D-Day is also a time to remember the forgotten heroes of French history

Journalist Nabila Ramdani looks at the battles faced by France's colonial troops, both during WWII and after the nation's liberation

Historical black and white photograph of preparations by Allies for Operation Dragoon, to invade the south of France during WWII
Allied troops prepare for Operation Dragoon. Commonly, little mention is made of the colonial French troops who partook in the battle

The eyes of the world were on northern France in June, as thousands gathered for the 80th anniversary of D-Day. 

The liberation of Europe from Nazi tyranny will always be celebrated, and eight decades make for a particularly poignant commemoration – it was undoubtedly be the last significant one for the few surviving veterans. 

The Battle of Normandy will soon disappear from living memory, but the history will continue to be revered. 

Read more: Key quotes from King Charles, Macron and Biden at D-Day commemorations

'Other D-Day' saw similar death and destruction

Far less likely to be remembered so visibly, sadly, is “the other D-Day”, which took place in August 1944, two months after the more famous landings. 

Operation Dragoon saw Allied forces come ashore in Provence to push the Germans out of strongholds in places such as Marseille and Toulon. 

Unlike in Normandy, where only 177 French commandos and 32 paratroopers landed alongside the thousands of troops from other nations, an entire French Army arrived on southern beaches. 

They were mainly colonial soldiers from countries such as Algeria and Senegal – close to half a million men that made up 80% of the French landing forces. 

Their bravery played a huge part in pushing the Third Reich out of France, but Hollywood never thought to make a hit movie akin to The Longest Day or Saving Private Ryan about them. 

Soldiers often forgotten at home and abroad

Even French collective memory has often been extremely selective. 

The only popular film that touches on Operation Dragoon is Indigènes [Natives], which was made in 2007 by French-Algerian director Rachid Bouchareb. 

It was given the very ironic title Days of Glory for English-language audiences and highlights how members of France’s so-called African Army were exploited and humiliated while being used as cannon fodder. 

Very few people in France could put a single name to the dark-skinned men who helped win two World Wars, and indeed who later fought valiantly in horrific conflicts such as Vietnam. 

Instead, all are viewed as faceless statistics. Paris is dotted with plaques recalling those who fell during the liberation of the city in 1944, but you seldom if ever see an Arab or black African-sounding name. 

Few in positions of power acknowledge that some 400,000 French combatants in World War Two alone were from North African colonies, including Algeria, Morocco and Tunisia. 

There were 70,000-odd from Senegal, and other areas of sub-Saharan Africa. 

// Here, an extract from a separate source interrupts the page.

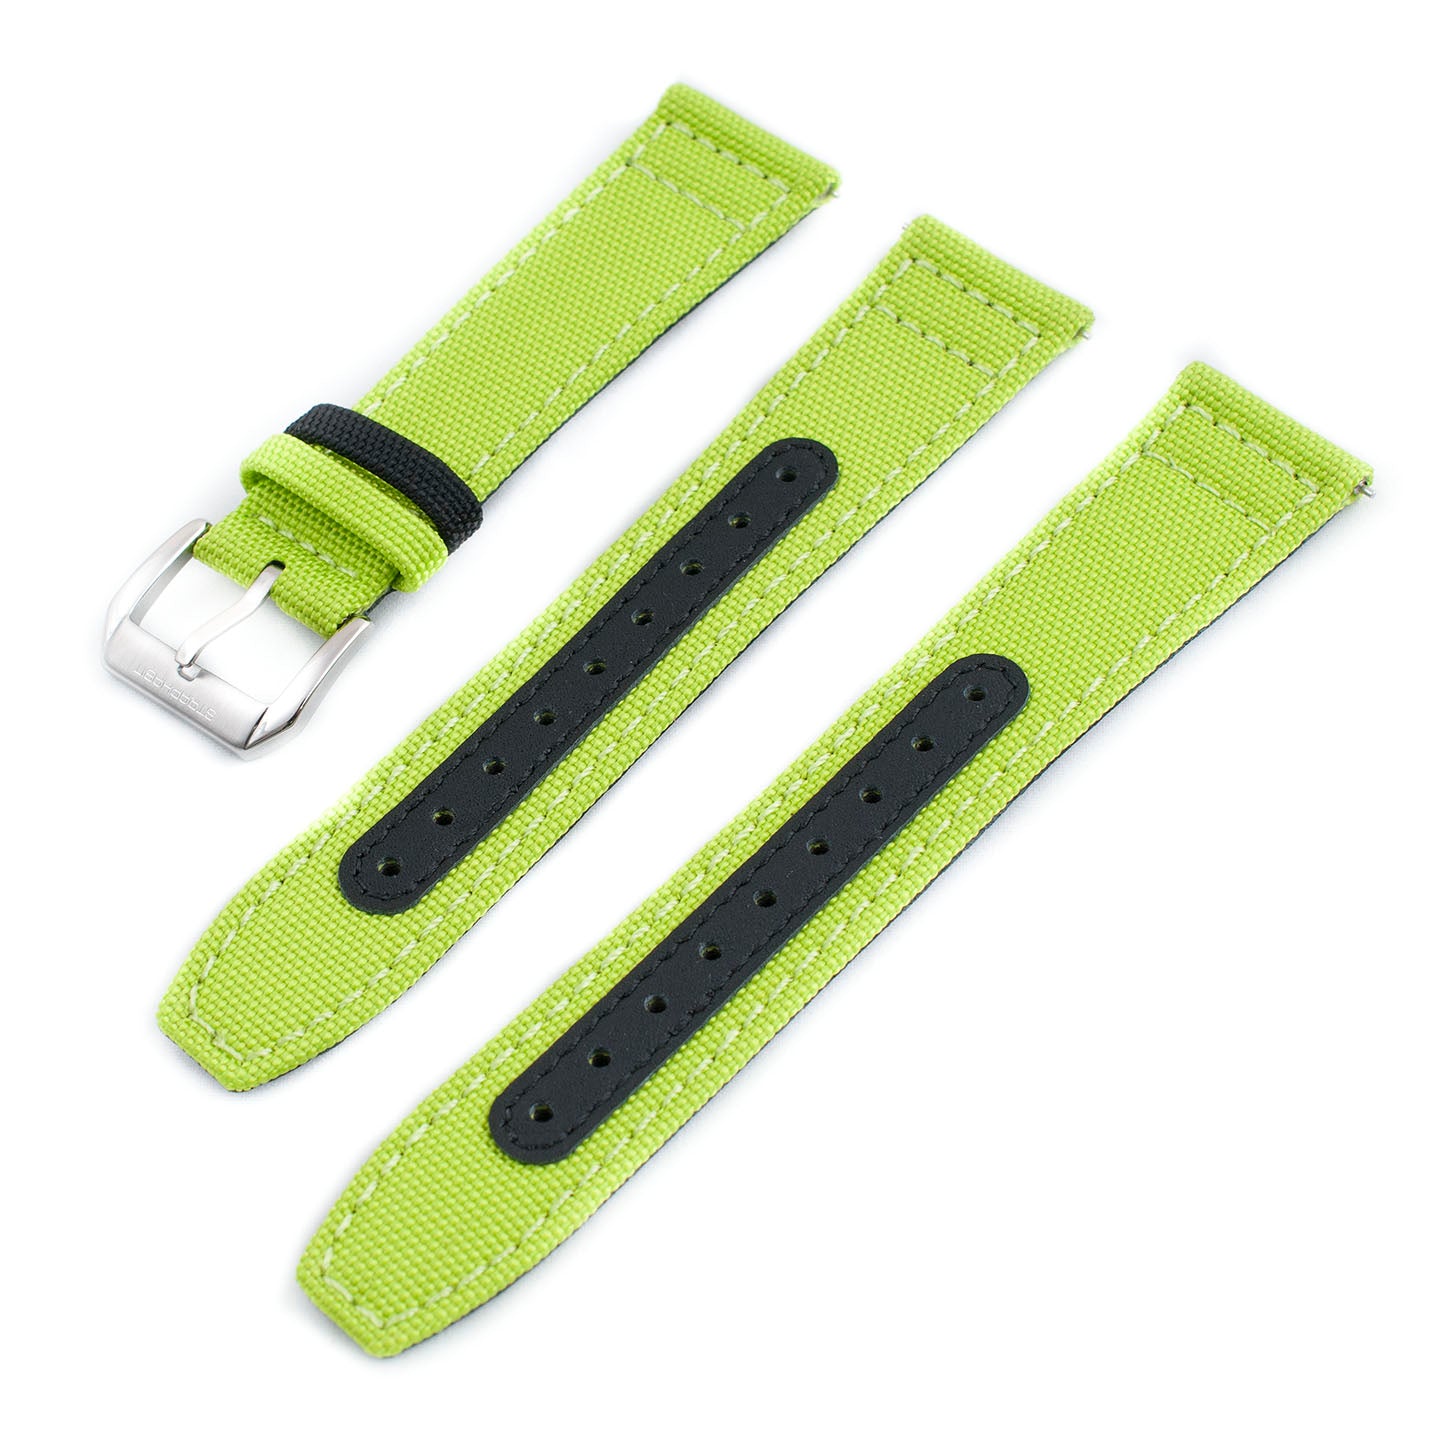 Premium Sailcloth Colorway Quick Release Watch Strap band replacement 19mm, 20mm, 21mm, 22mm for large wrists and small wrists, for men and women, unisex acid bright yellow brain green antifreeze

Casualties among them were absolutely enormous – by the time France surrendered in 1940, some 17,000 of its West African troops were already killed in action. 

As in the south four years later, if they surrendered to fanatical units like the SS, they were executed. 

Liberation 'myth' white-washed photographs 

France’s 2nd Armoured Division – the famous 2e DB which entered Paris after D-Day – contained almost 4,000 North Africans, and many more from black African countries, but you would not know it from looking at the victory parade photos taken on the Champs-Elysées. 

General Charles de Gaulle, leader of the wartime Free French and future president, did not want non-white faces on show, so as to give the impression that his own indigènes had liberated themselves. 

 Read more: De Gaulle’s myth of Paris freeing itself leaves a complex legacy

This whites-only myth was followed up by further appalling treatment of colonial veterans. Most were shipped home and lost all pension rights when their countries were granted independence a few years later. 

Others ended up on decrepit sink estates in France, suffering the kind of racism that still persists to this day. 

Heroes come in all shapes and sizes, and are not always the ones who make headlines, or who end up being played by John Wayne or Tom Hanks. 

After witnessing another round of hugely moving D-Day commemorations, it is certainly worth sparing a thought for the fallen you have never heard of.